Benchmarking ML libraries: where the fast survive
A no-nonsense shootout of open-source ML implementations on real hardware, measuring what actually matters: can it finish before the RAM runs out?

What it does
This repo benchmarks popular open-source ML libraries—R packages, Python scikit-learn, H2O, xgboost, Spark MLlib, Vowpal Wabbit—on a concrete task: binary classification of flight delays using 10K to 10M rows and ~1K features. It tracks training time, peak RAM, and AUC across linear models, random forests, boosting, and deep neural nets. The author ran everything on AWS EC2 instances (mostly c3.8xlarge, 32 cores, 60GB RAM) and published the raw numbers.
The interesting bit
The benchmark’s real value is its honesty. The author openly calls it “simple/limited/incomplete,” quotes George Box (“all benchmarks are wrong, but some are useful”), and notes that much of the work dates to 2015. The most striking finding: a random forest on 1% of the data beats a linear model on 100% of the data—contradicting the “more data beats better algorithms” mantra for this particular dense, non-sparse dataset.
Key highlights
- R’s
randomForestpackage crashes on 1M rows; Python scikit-learn crashes on 10M rows without 250GB RAM - H2O and Vowpal Wabbit are the memory-efficiency standouts for linear models; VW needs only one observation in memory at a time
- xgboost trains random forests faster and leaner than most: 170 seconds, 2GB RAM at 1M rows vs. H2O’s 600 seconds, 5GB
- The author later abandoned updating this benchmark in favor of a Docker-based successor focused solely on GBM performance
Caveats
- Most results are from 2015; library versions have evolved significantly (the author points to a newer GBM-only benchmark instead)

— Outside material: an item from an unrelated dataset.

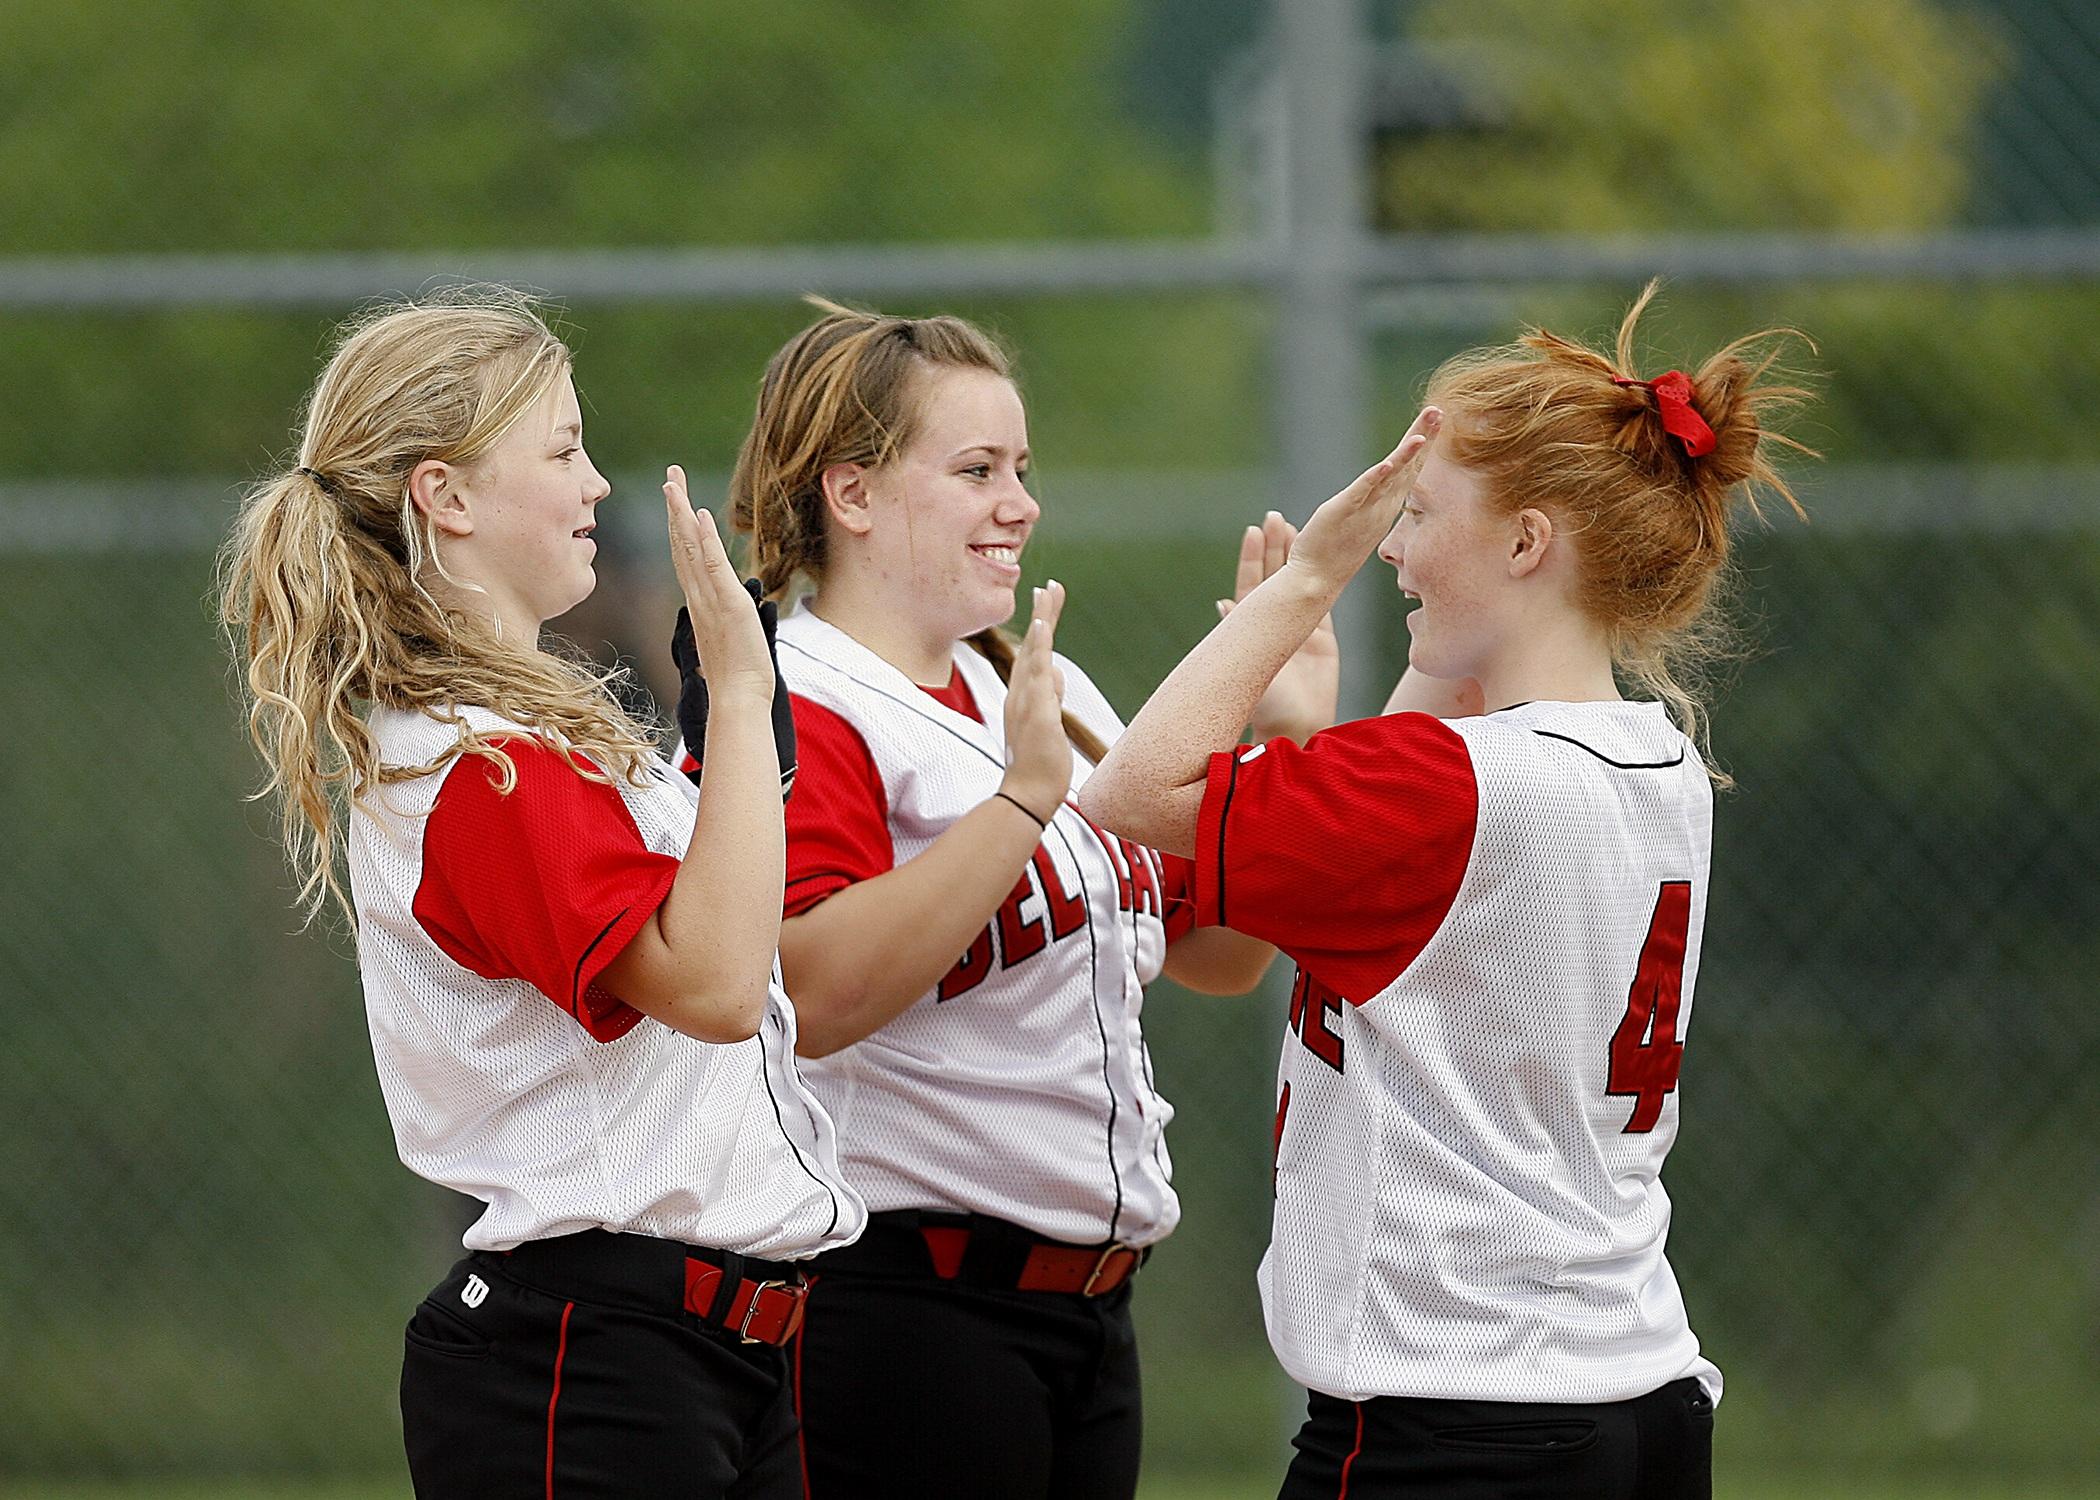 Softball girls team mates happy 163465 %281%29

- Deep learning results exist but are barely detailed in the truncated README
- The “no missing data, limited cardinality categoricals” scope means sparse-text or high-cardinality problems are out of scope
Verdict
Worth a skim if you’re choosing between H2O, xgboost, and Spark for tabular binary classification on single-node hardware. Skip it if you need current numbers—the author explicitly directs readers to their newer GBM-perf project for modern, reproducible comparisons.